First, we would like to clarify that the “50 iterations” mentioned in the manuscript does not refer to 50 environmental time steps. We implemented multiple iterations of attractor updates (typically until convergence) by Context selector within each behavioral time step.
We clarify this point in the Method section as below.
“After history-based or landmark-based initialization, X iteratively updates its contextual state at the beginning of each time step according to the associative memory dynamics:”
The recurrent connectivity within the X population is essential for attractor updates. If the recurrent weights were removed (i.e., set to zero), the network would lose the ability to retrieve distinct contextual states for the same stimulus. In that case, the model would be unable to solve the context-dependent task as we showed in this manuscript.
(4) Figure 3E: How many time steps are the H cells active (red bars?) Figure 4J: What are the units of the time axis?
Thank you for pointing this out.
In Figure 3E, each time step is indicated in the X-axis ticks (i.e., each environmental state). As we explained in the comment (1), two hippocampal neurons’ activity (red bars) corresponds to each time step.
Similarly, in Figure 4J, each time step is indicated in the X-axis ticks.
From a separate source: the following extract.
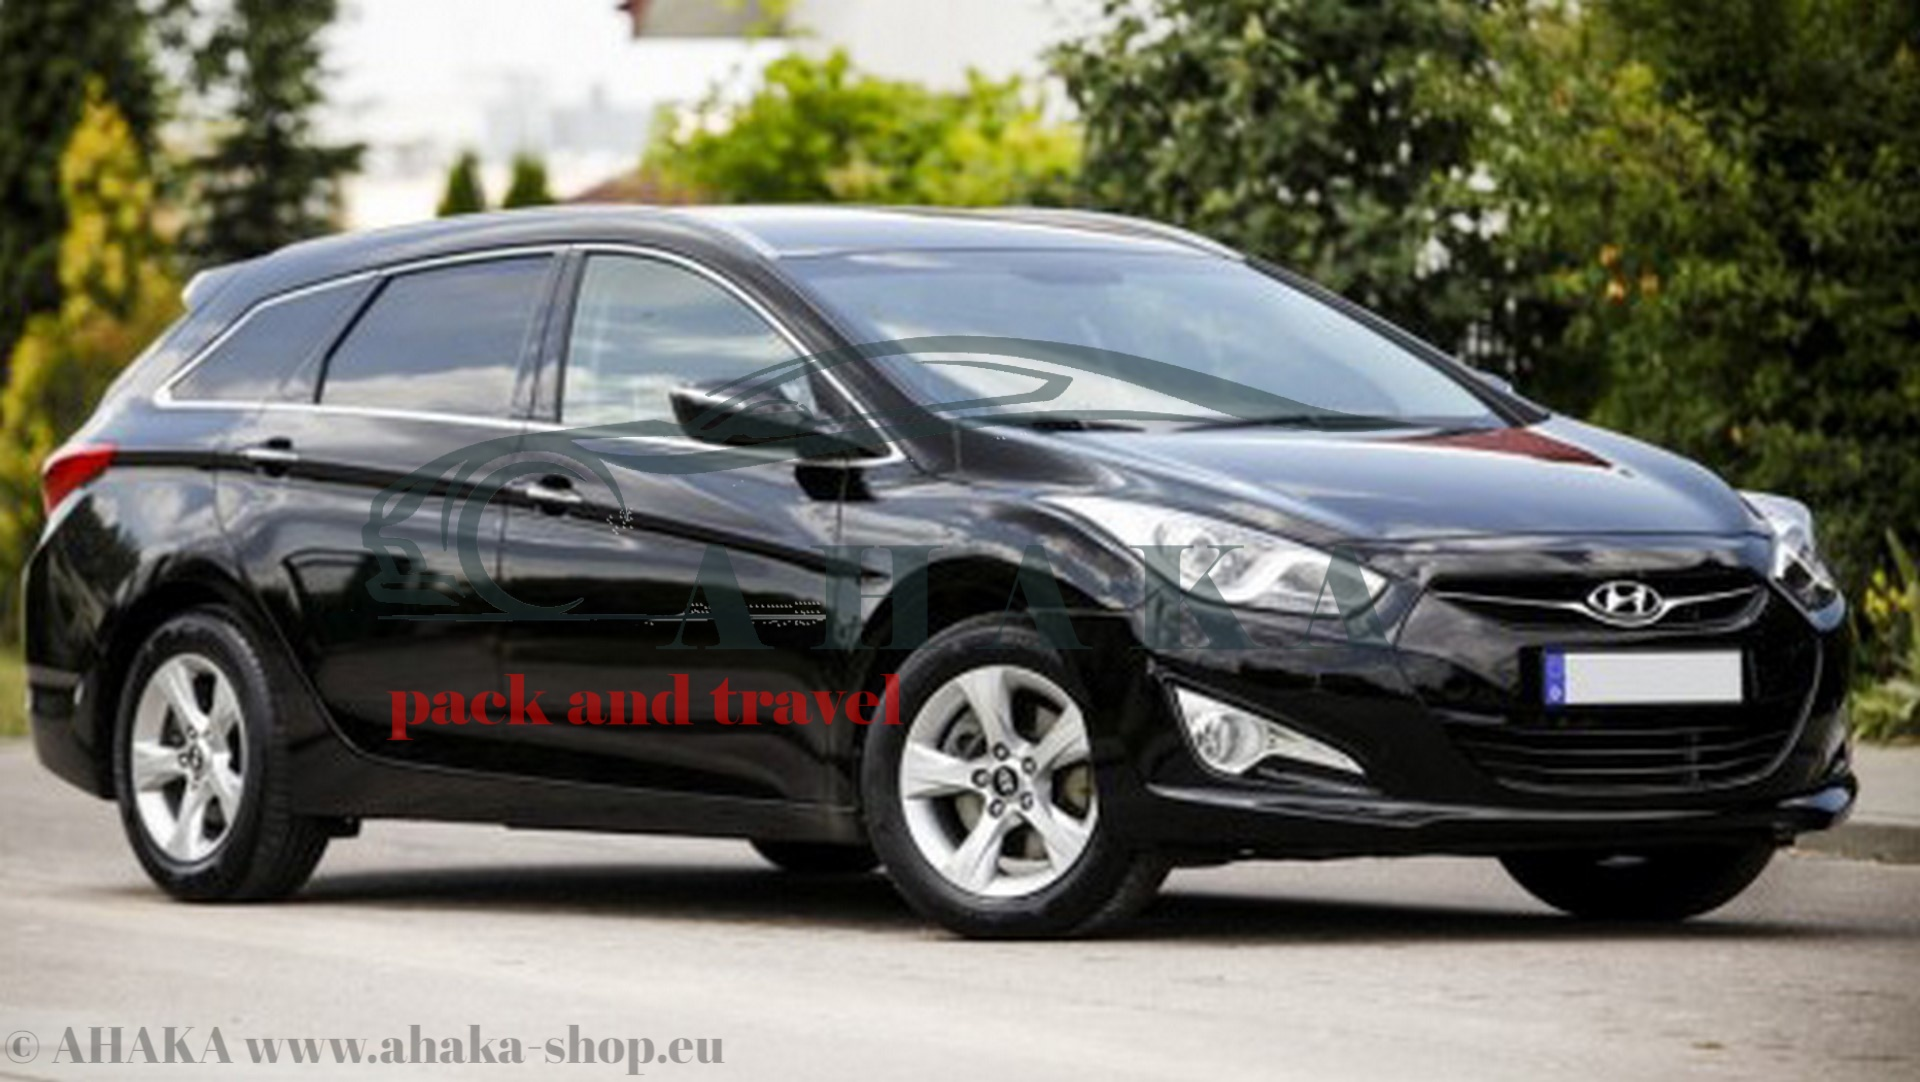 Hyundai i30 CW Kombi 2012-2017 AUTO HAK Anhängerkupplung abnehmbar AHK NEU AHZV

To better represent the results, we added descriptions of the environmental states in our model to the X-axis tick labels in Figure 4J.
We added the following texts below in Figure captions.
“The x-axis represents each time step (corresponding to environmental states), and the y-axis shows the sorted activity of H module.”
“The x-axis represents each time step (corresponding to environmental states), and the y-axis shows the decoding accuracy of each context based on hippocampal activity.”